(Dataset entries)
--- START ---

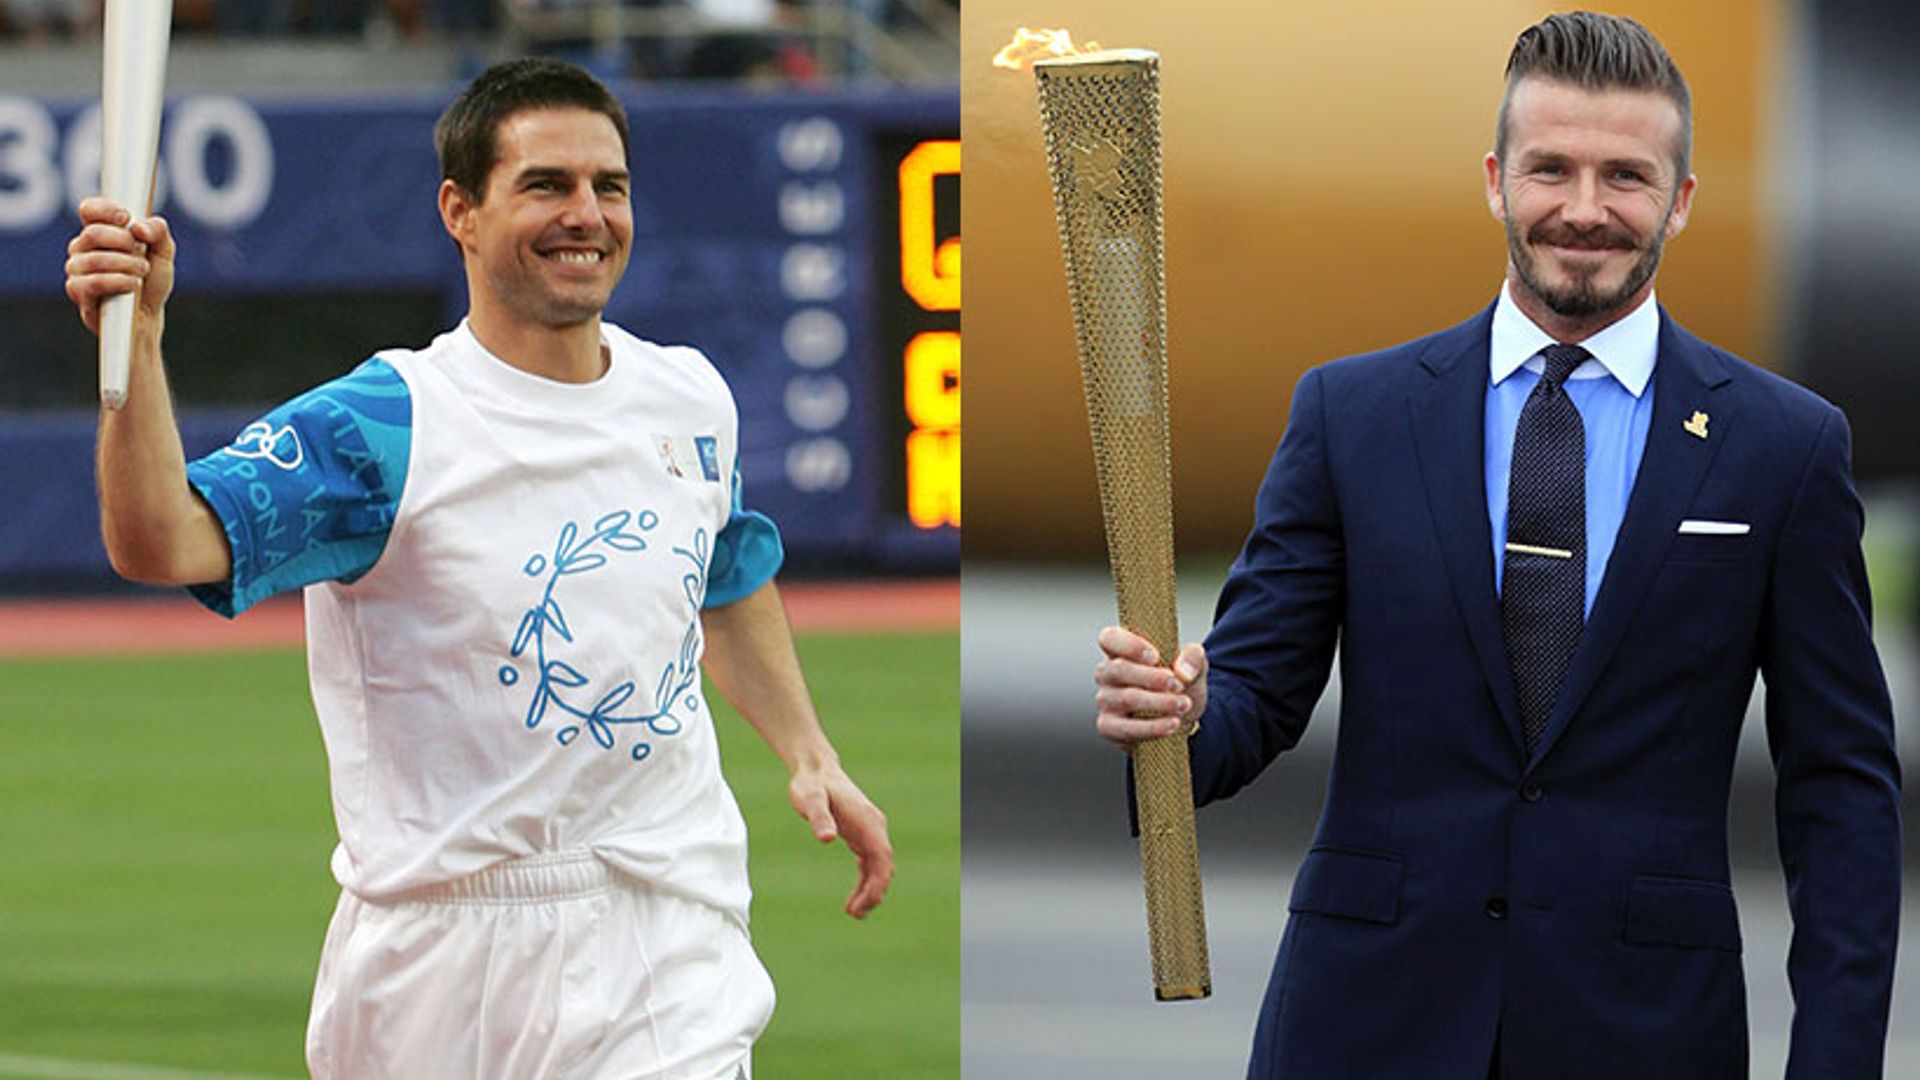 From David Beckham to Tom Cruise: the celebrities who have carried the Olympic torch
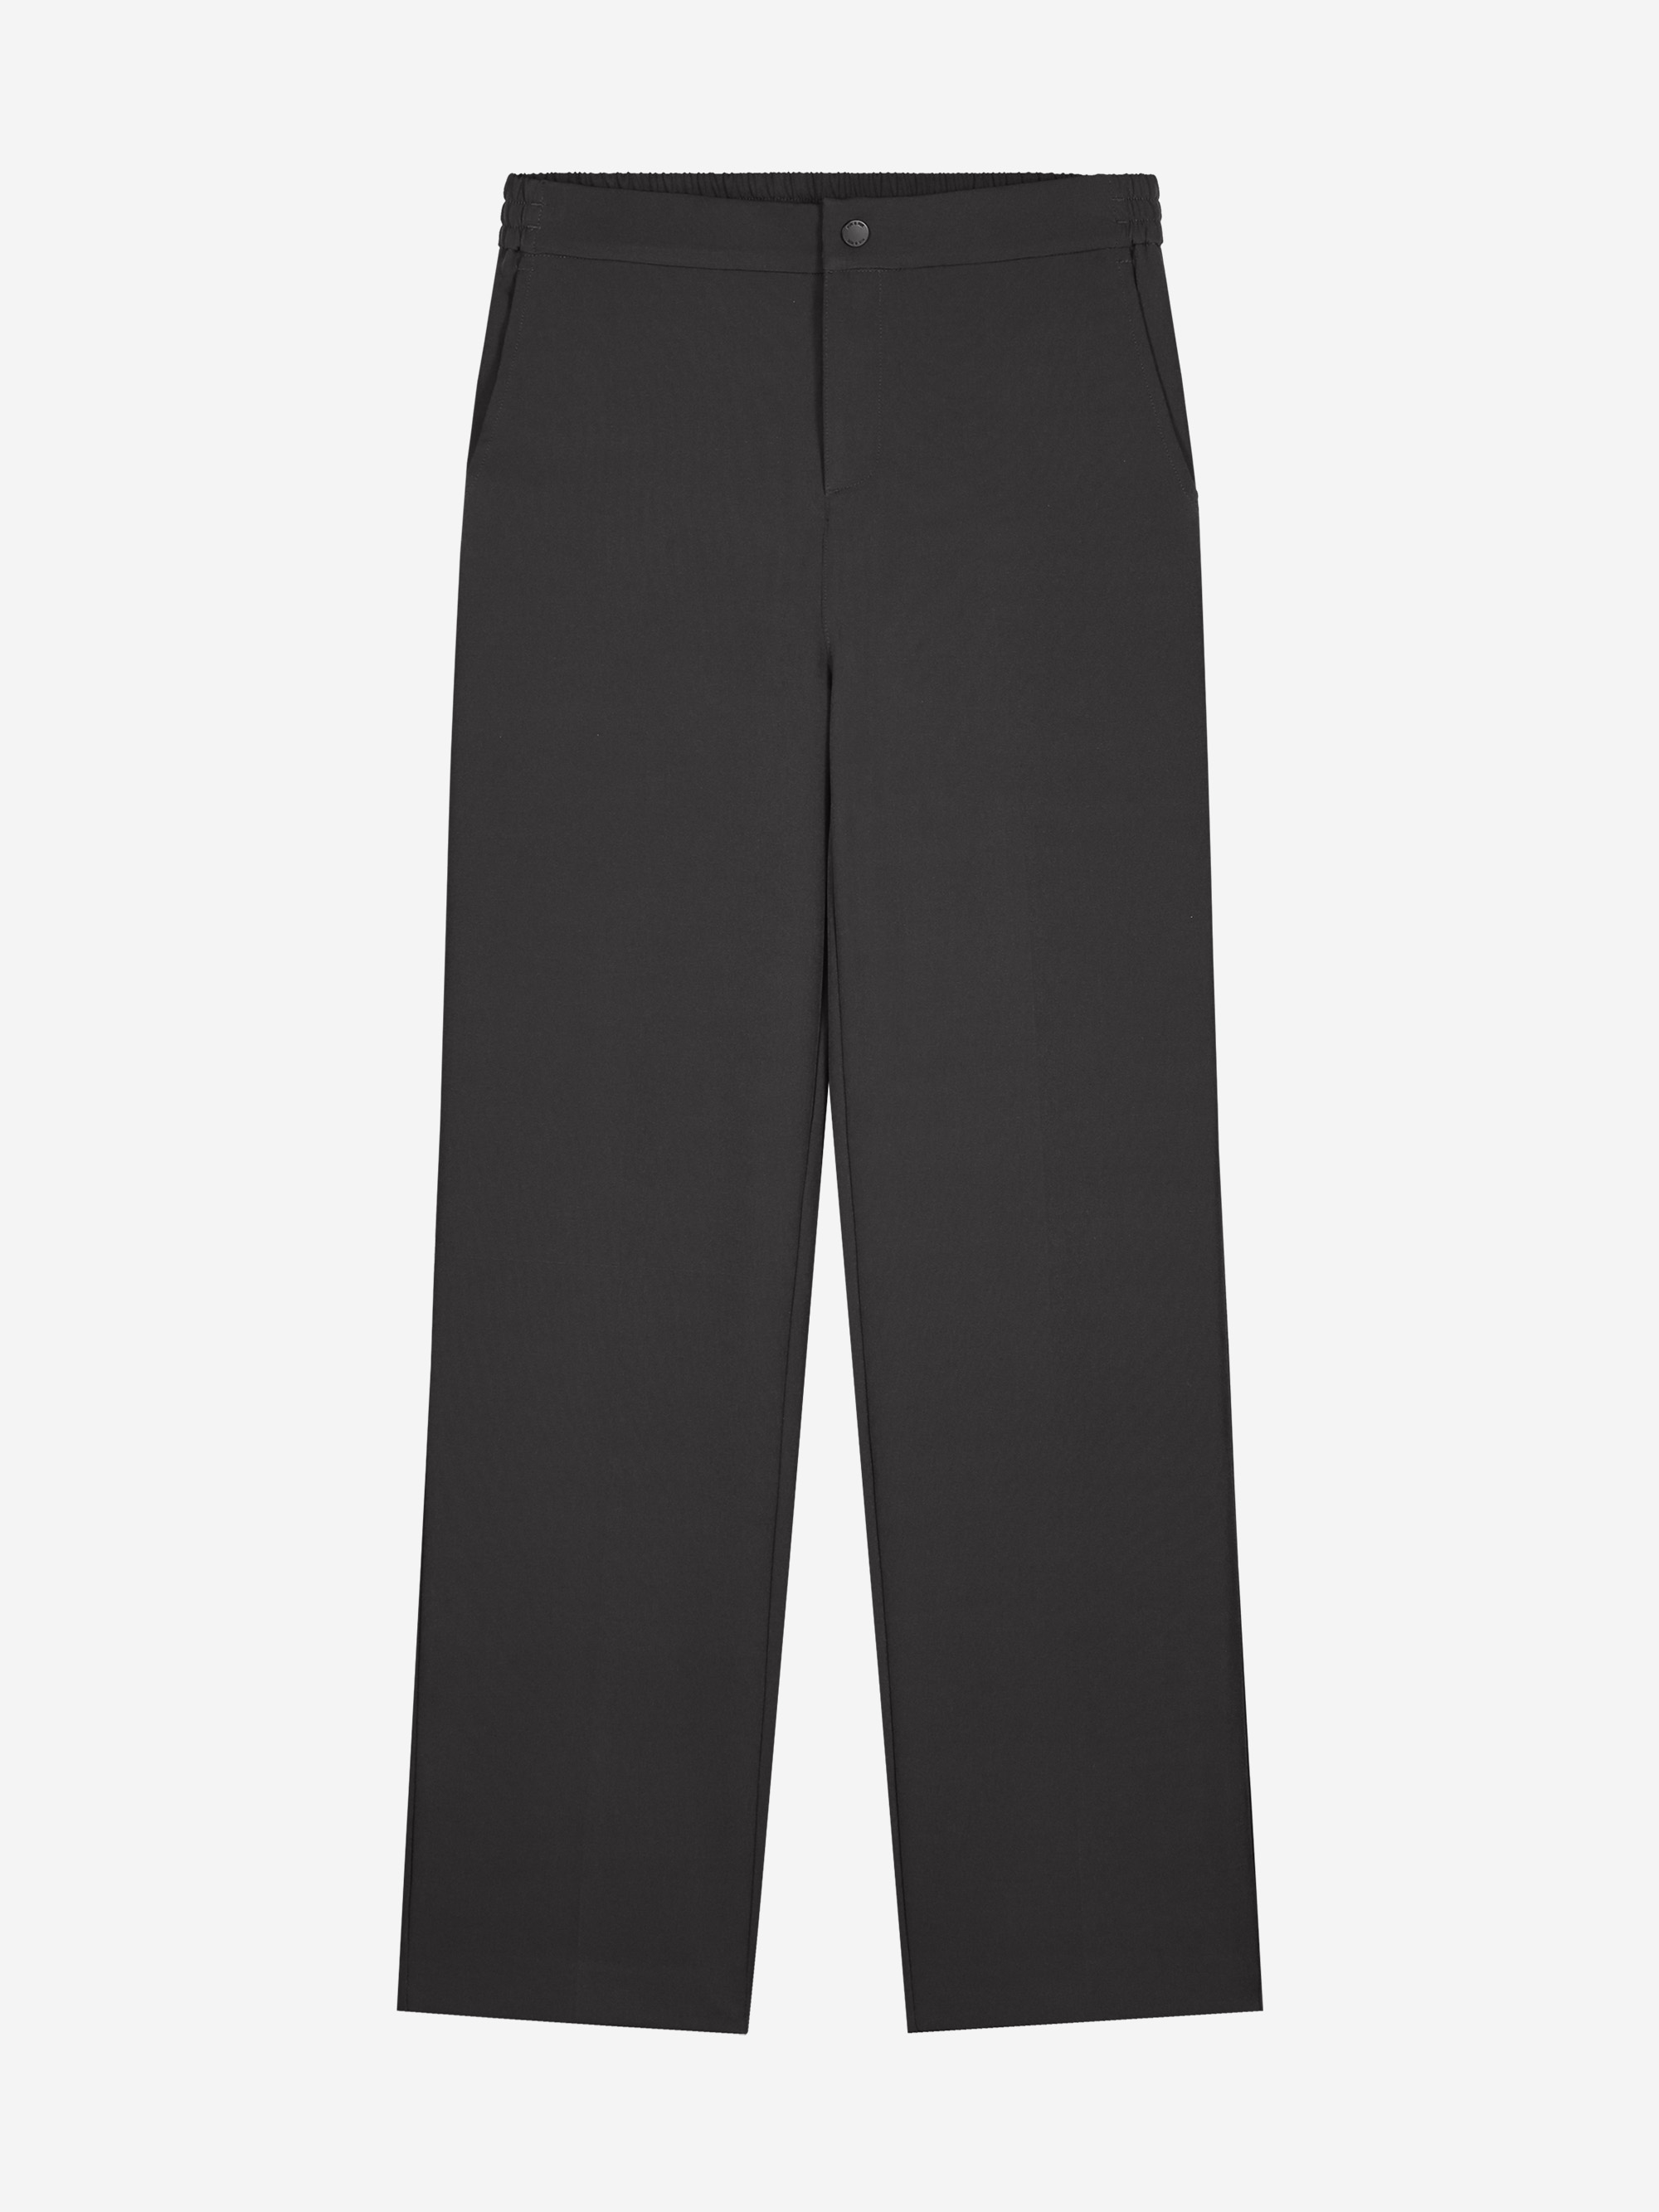 Low rise trousers
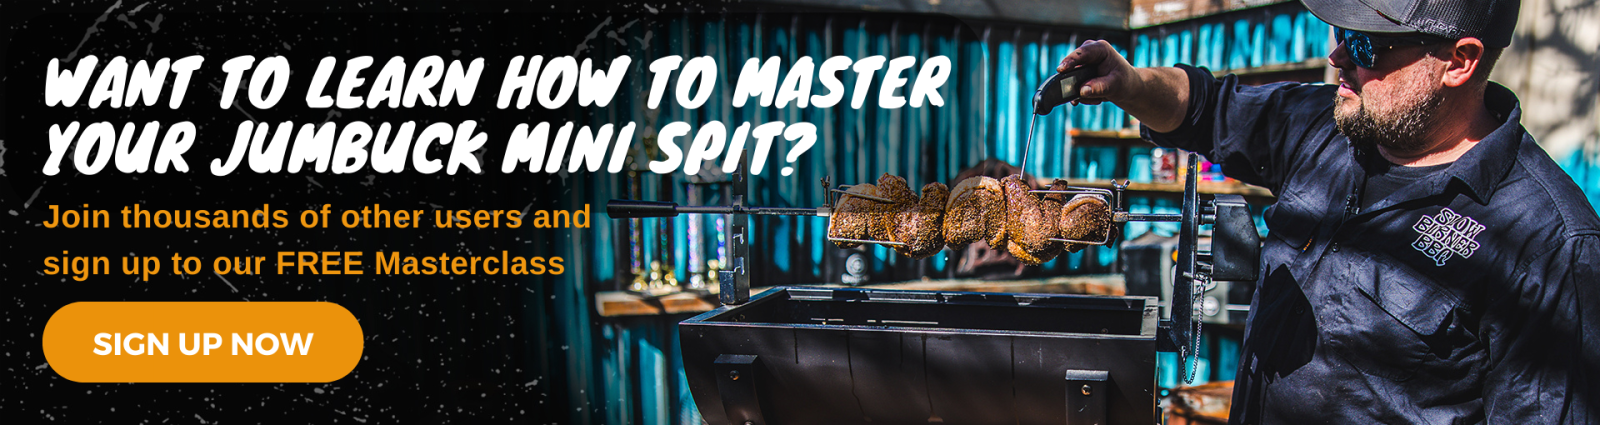 This is a banner that allows you to join and download the Jumbuck mini spit master class.
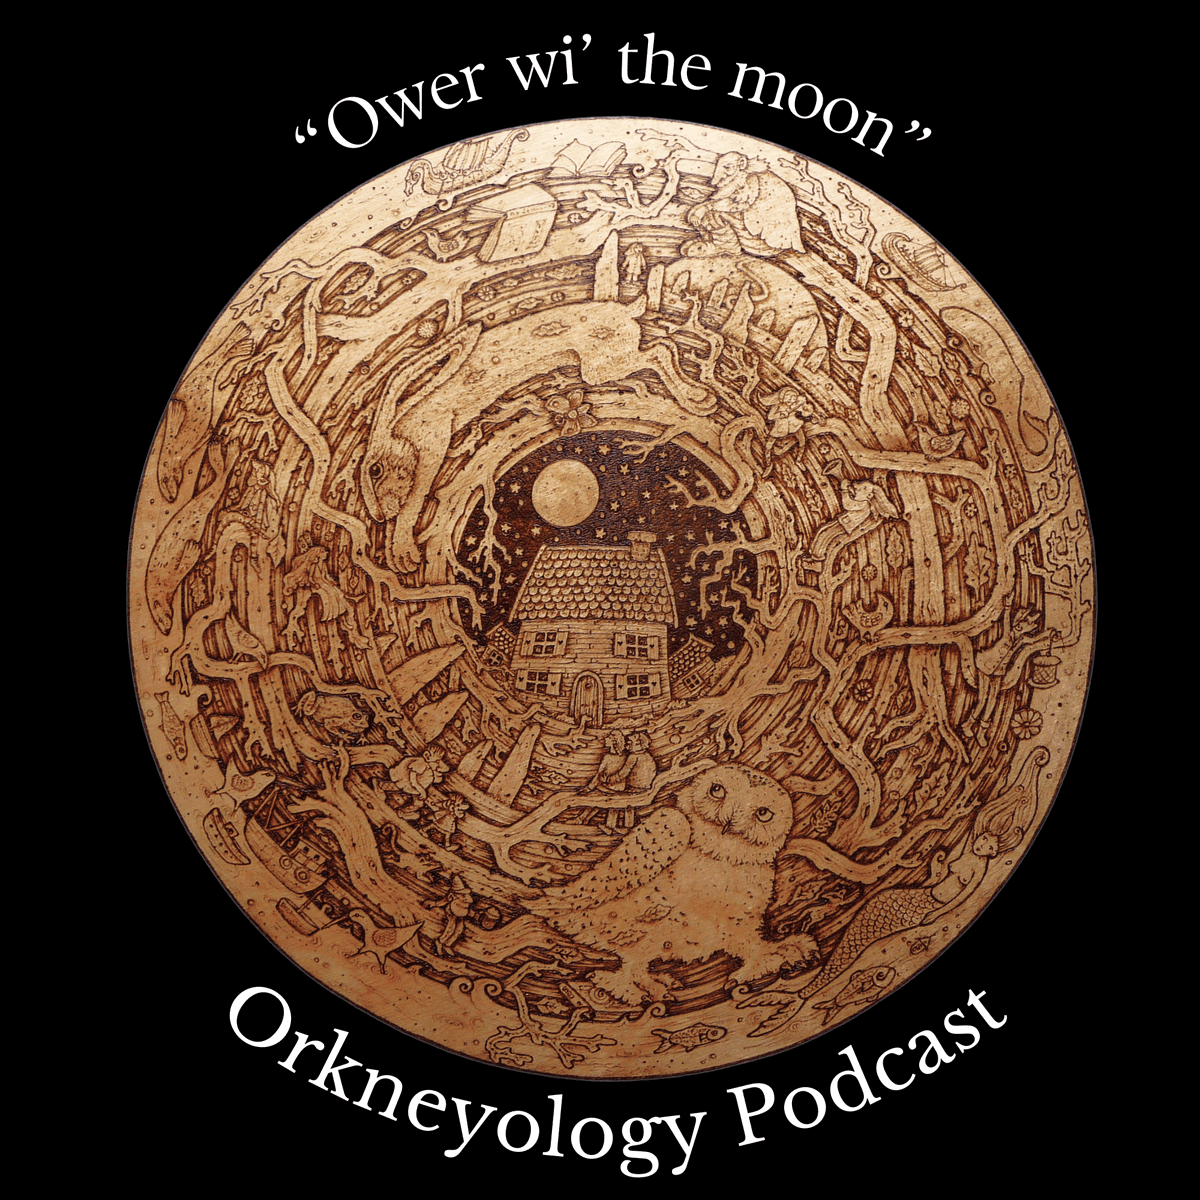 It's a full moon! You can listen to the first episode of our new Orkneyology Podcast on our website: orkneyology.com/orkneyology-po… or Youtube: youtube.com/watch?v=yqrF9j… Other podcast platforms are in the works.
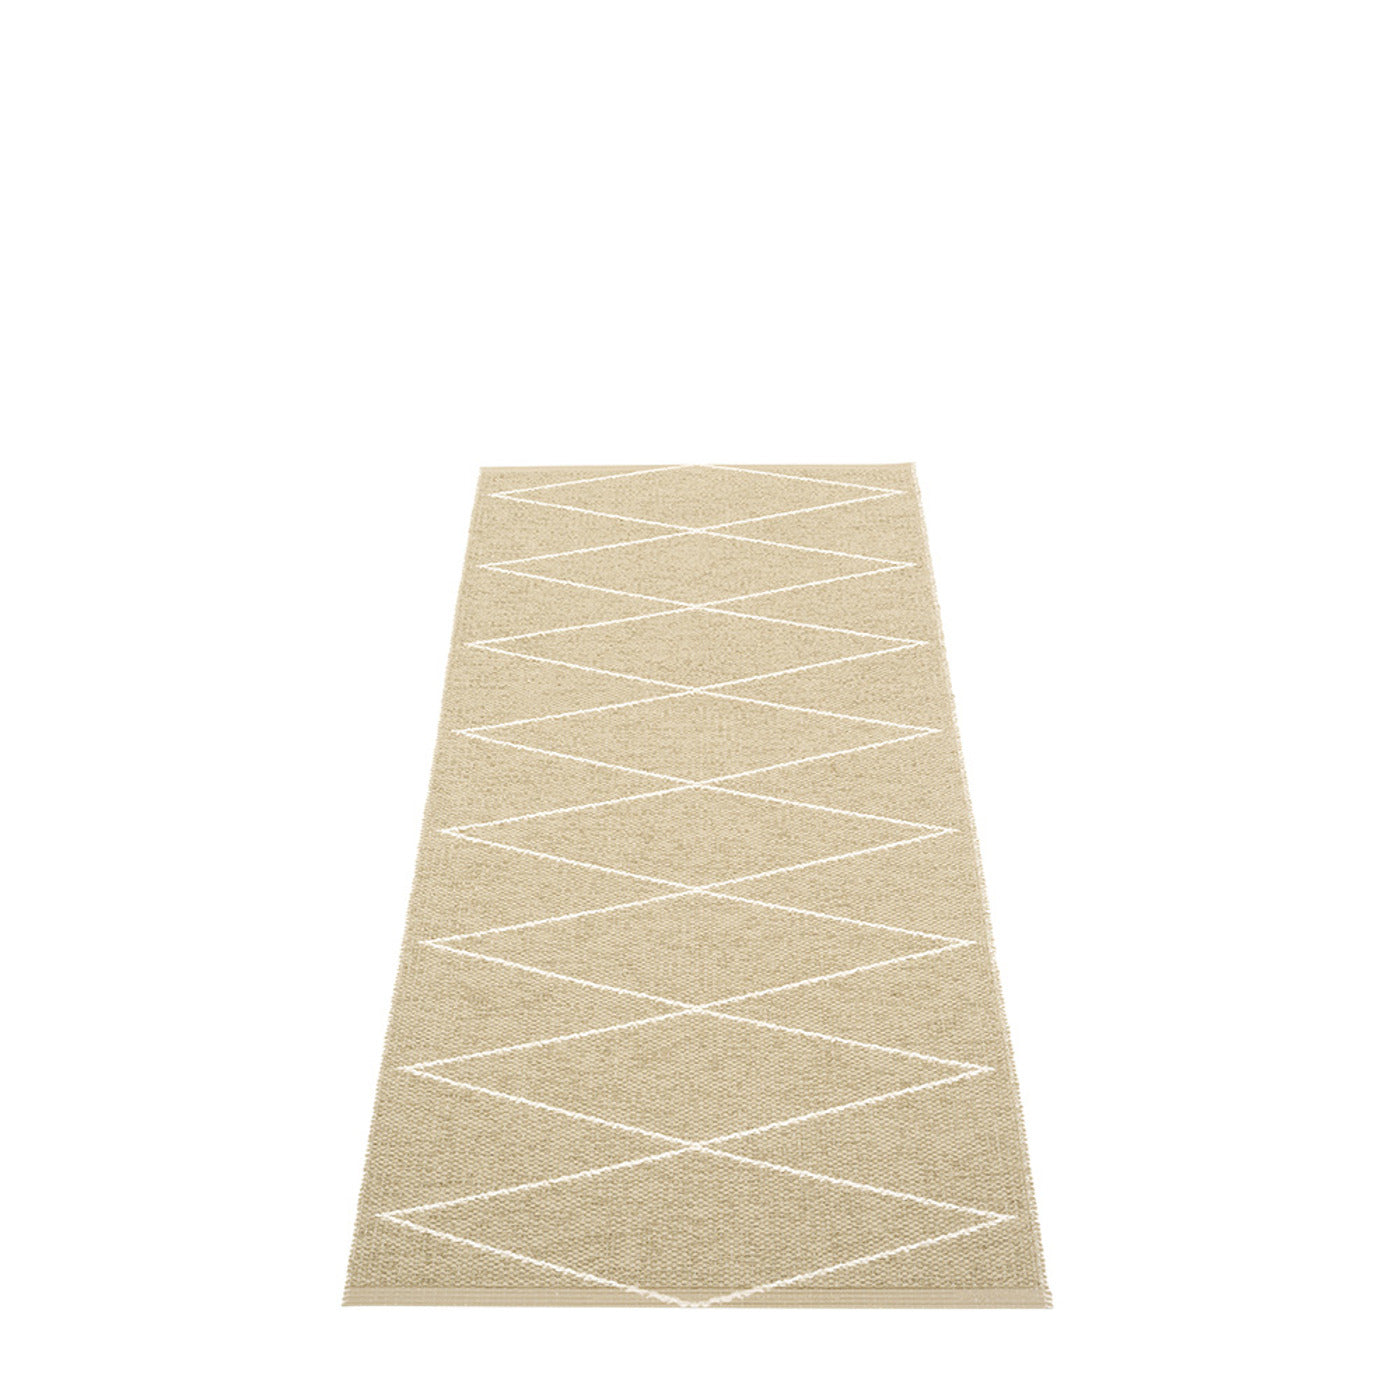 All sizes MAX RUG - Sand

--- END ---

> Activity
Could you repeat every record exactly as written, with the pictures left out?

> Problem solution
 From David Beckham to Tom Cruise: the celebrities who have carried the Olympic torch
 Low rise trousers
 This is a banner that allows you to join and download the Jumbuck mini spit master class.
 It's a full moon! You can listen to the first episode of our new Orkneyology Podcast on our website: orkneyology.com/orkneyology-po… or Youtube: youtube.com/watch?v=yqrF9j… Other podcast platforms are in the works.
 All sizes MAX RUG - Sand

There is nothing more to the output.